▶ _Your goal_:
In the listing below, find the line with "Creative Mindly: Etiquetas" and the line with "Hình ảnh nền cánh bướm đêm xinh đẹp". Repeat those two lines and all lines between them exactly.

▶ _Dataset content_:
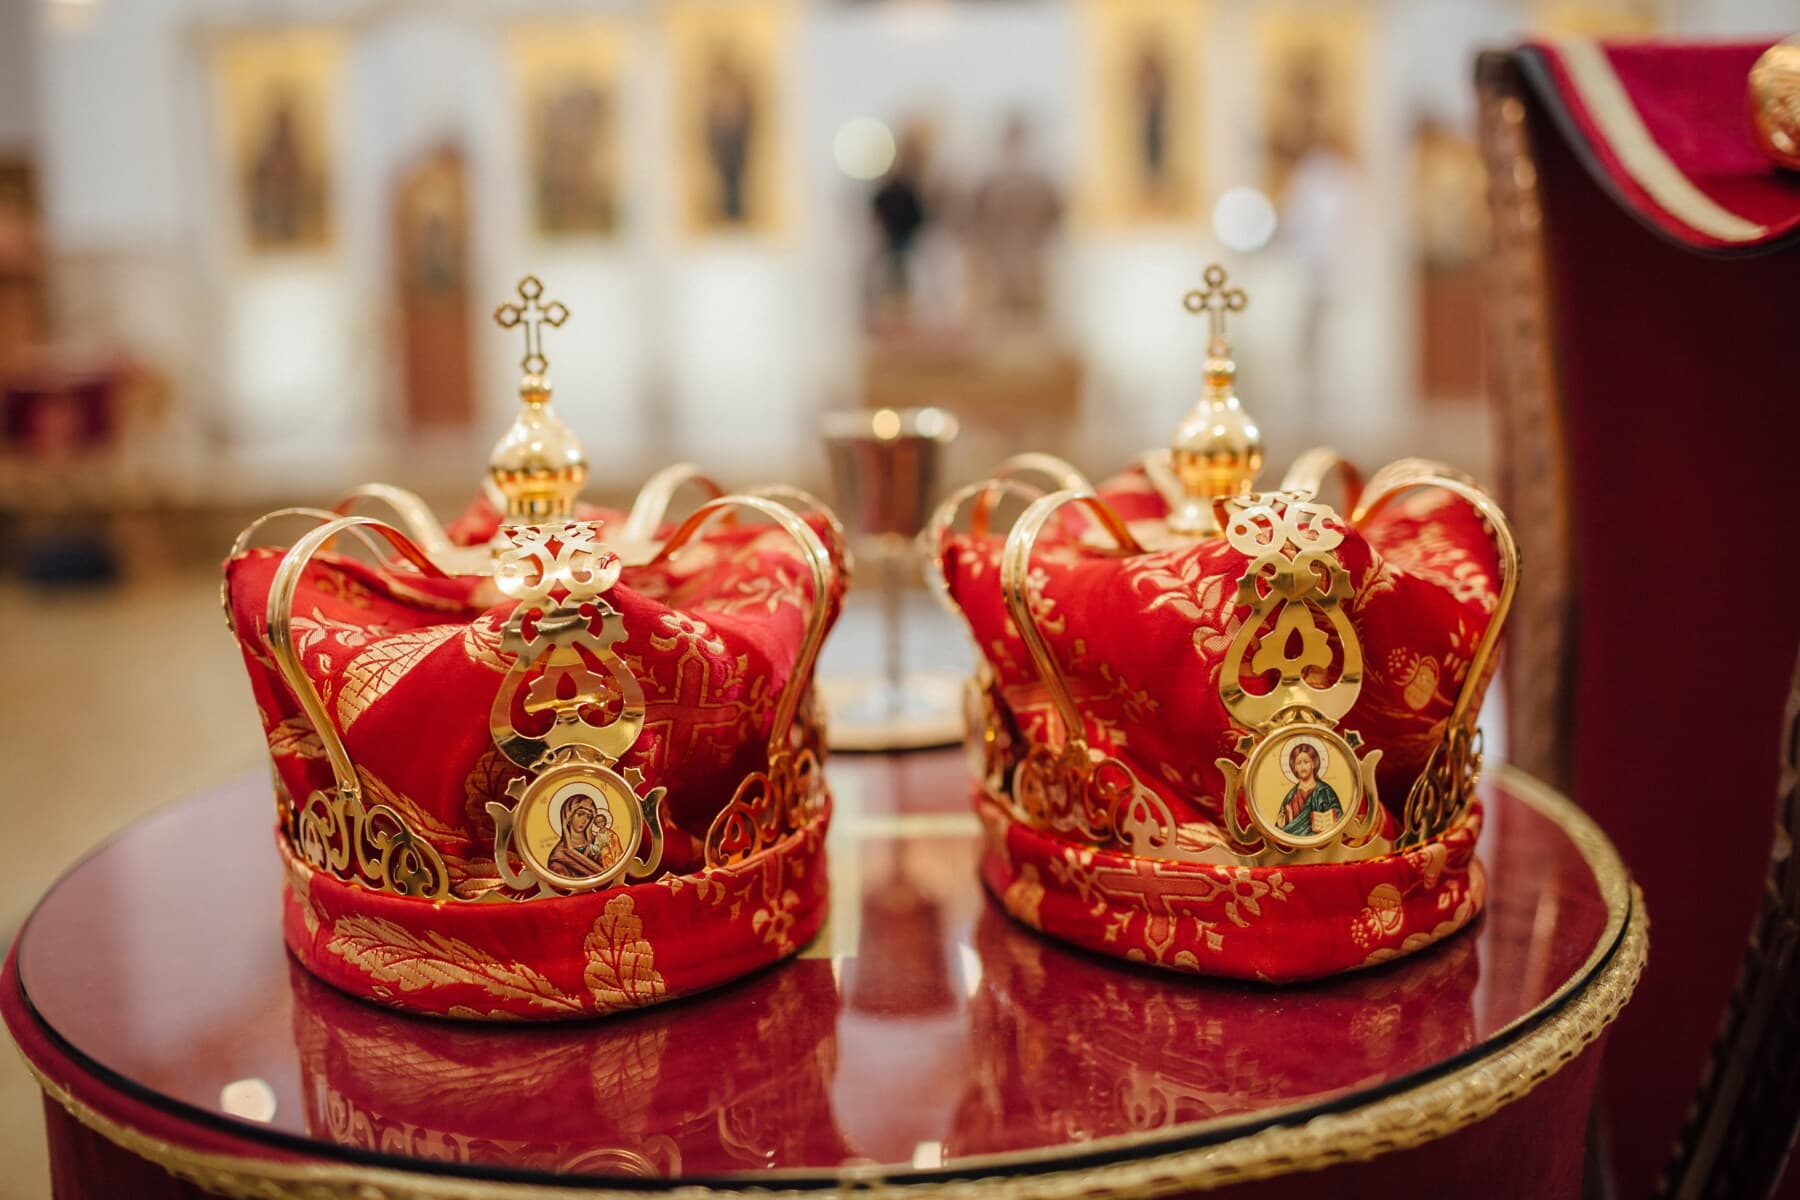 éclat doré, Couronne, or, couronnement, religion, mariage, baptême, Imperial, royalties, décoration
* * *
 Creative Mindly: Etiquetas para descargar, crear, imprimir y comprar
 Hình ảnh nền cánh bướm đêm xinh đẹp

▶ _Expected output_:
 Creative Mindly: Etiquetas para descargar, crear, imprimir y comprar
 Hình ảnh nền cánh bướm đêm xinh đẹp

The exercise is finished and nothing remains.